Last week, the healthcare consumer advocacy group Families USA led a discussion on how Republican healthcare cuts will affect 2026 health insurance rates. Families USA’s executive director, Anthony Wright, started by saying that a flurry of health plan premium announcements from state-based marketplaces and state Insurance commissioners over the next several summer weeks is to be expected.
“Americans will face big, brutal health premium increase notices this summer and fall. Especially hard hit will be the tens of millions of Americans who buy individual or family coverage independently on the marketplace rather than through an employer,” Wright cautioned.” “These Americans will face a double whammy, double-digit percentage increases in the base rates for health coverage and the expiration of enhanced premium tax credits that would mean hundreds, if not thousands, of dollars in additional costs. These dual impacts will cause premiums to spike.”

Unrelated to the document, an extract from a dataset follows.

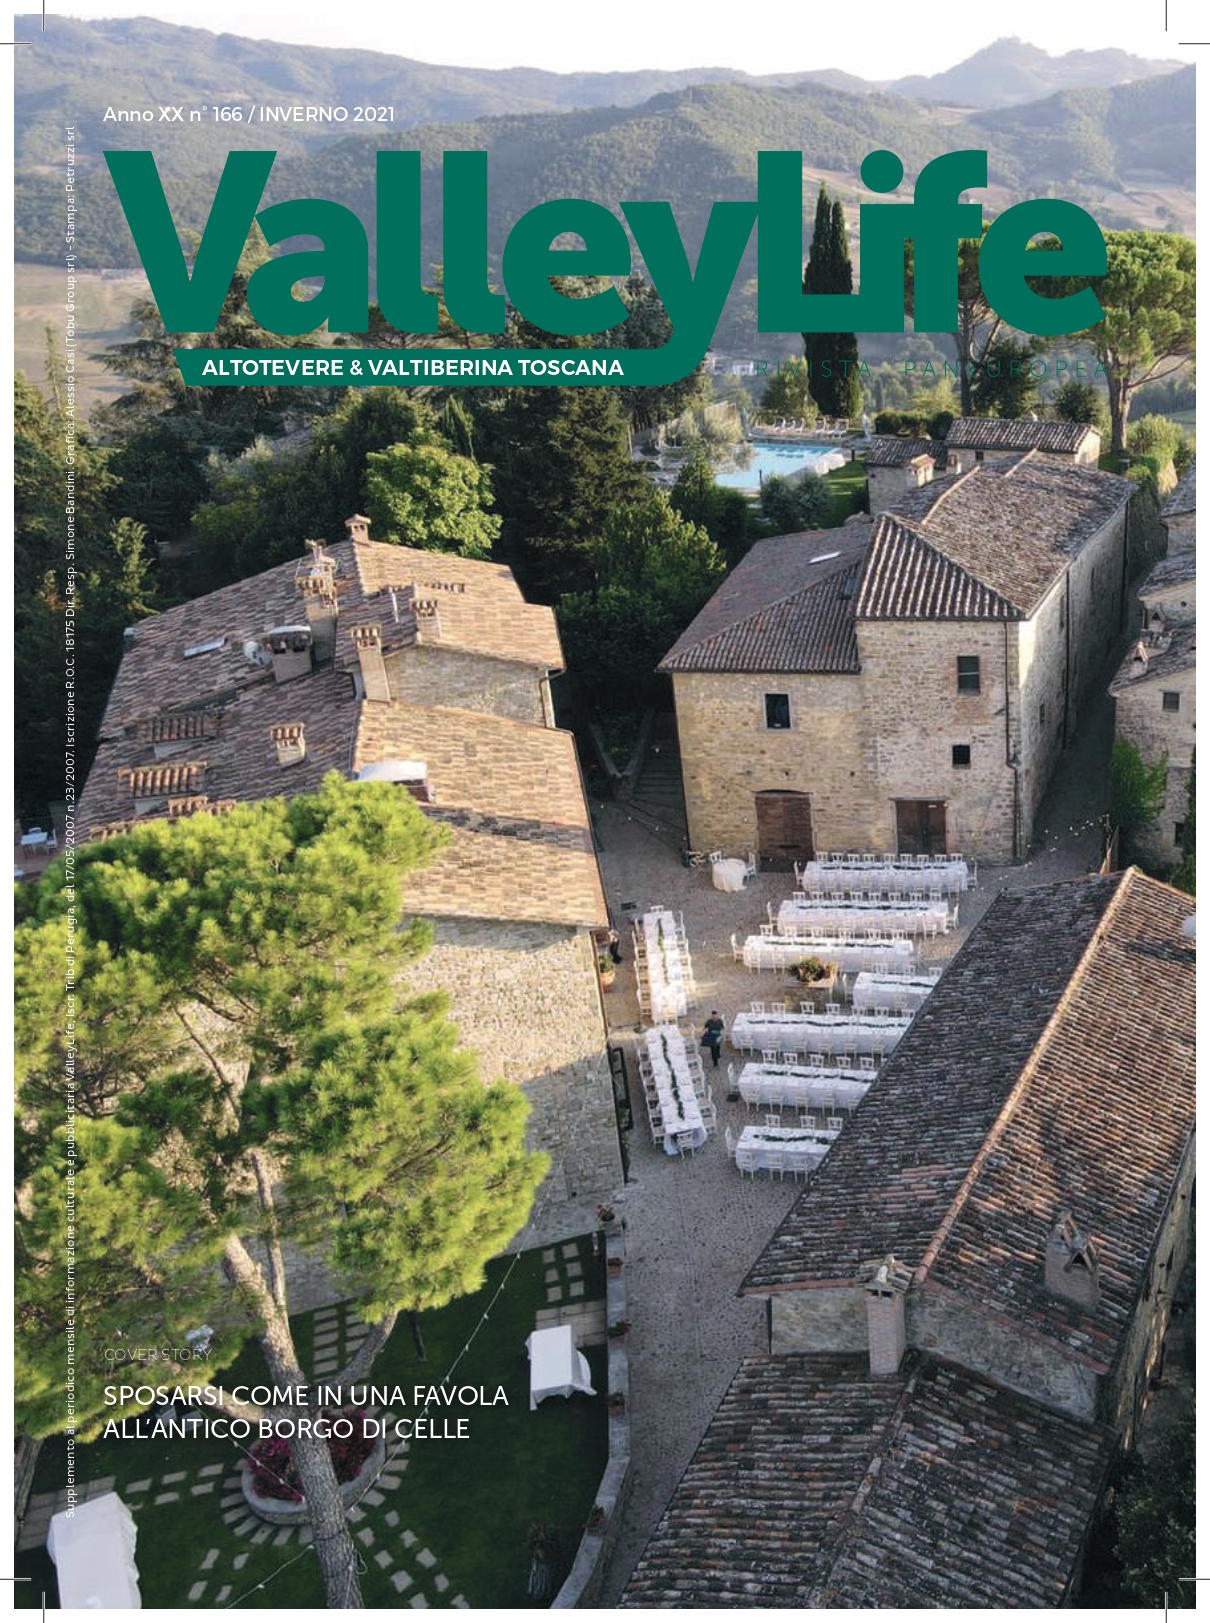 VL Alto Tevere e Valtiberina Toscana winter 2021/22

“August 13th is the deadline for qualified health plans to submit changes to their filings to the Centers for Medicaid and Medicare Services (CMS) for the Federal marketplace,” Wright noted. Nineteen states and Washington, DC., have announced proposed rates, with an average increase of over 15 percent.
Many small businesses are worried about the rate increases in 2026, said David Chase, VP of Policy and Advocacy for the Small Business Majority. Some of these businesses are still recovering from the pandemic. “Small business owners and their employees are looking at double-digit increases in their health insurance costs,” Chase noted. “In New York, for example, small group market premiums have skyrocketed in recent years. In fact, an analysis just released last week found that in some parts of the state, average premiums for a gold tier plan have risen by 45 percent over the last few years, and New York is hardly an anomaly. Other states are experiencing similar increases.”
Scott Darius with Florida Voices for Health said that Florida has the most to lose. “From the very 1st open enrollment period, Florida has led the nation in the number of people enrolled in Obamacare or healthcare.gov.” “We’re at a record-breaking 4.7 million Floridians; that’s 1 in 5 Floridians who are enrolled in the federal marketplace.” Furthermore, he said, “Florida still has the third highest uninsured rate in the nation, leading to poor health outcomes, but also widespread medical debt.”
Gideon Lukens and Elizabeth Zhang, with The Center on Budget and Policy Priorities, wrote on August 1 that “the changes will raise the annual cost of health coverage by hundreds of dollars for most of the 23 million people who get coverage through the ACA (Affordable Care Act) marketplace by reducing premium tax credits and letting insurers raise out-of-pocket charges.” “Premiums will rise in 2026 for most of the 22 million people who receive premium tax credits (PTCs) to help them buy coverage in the ACA marketplaces in 2025,” the authors reported.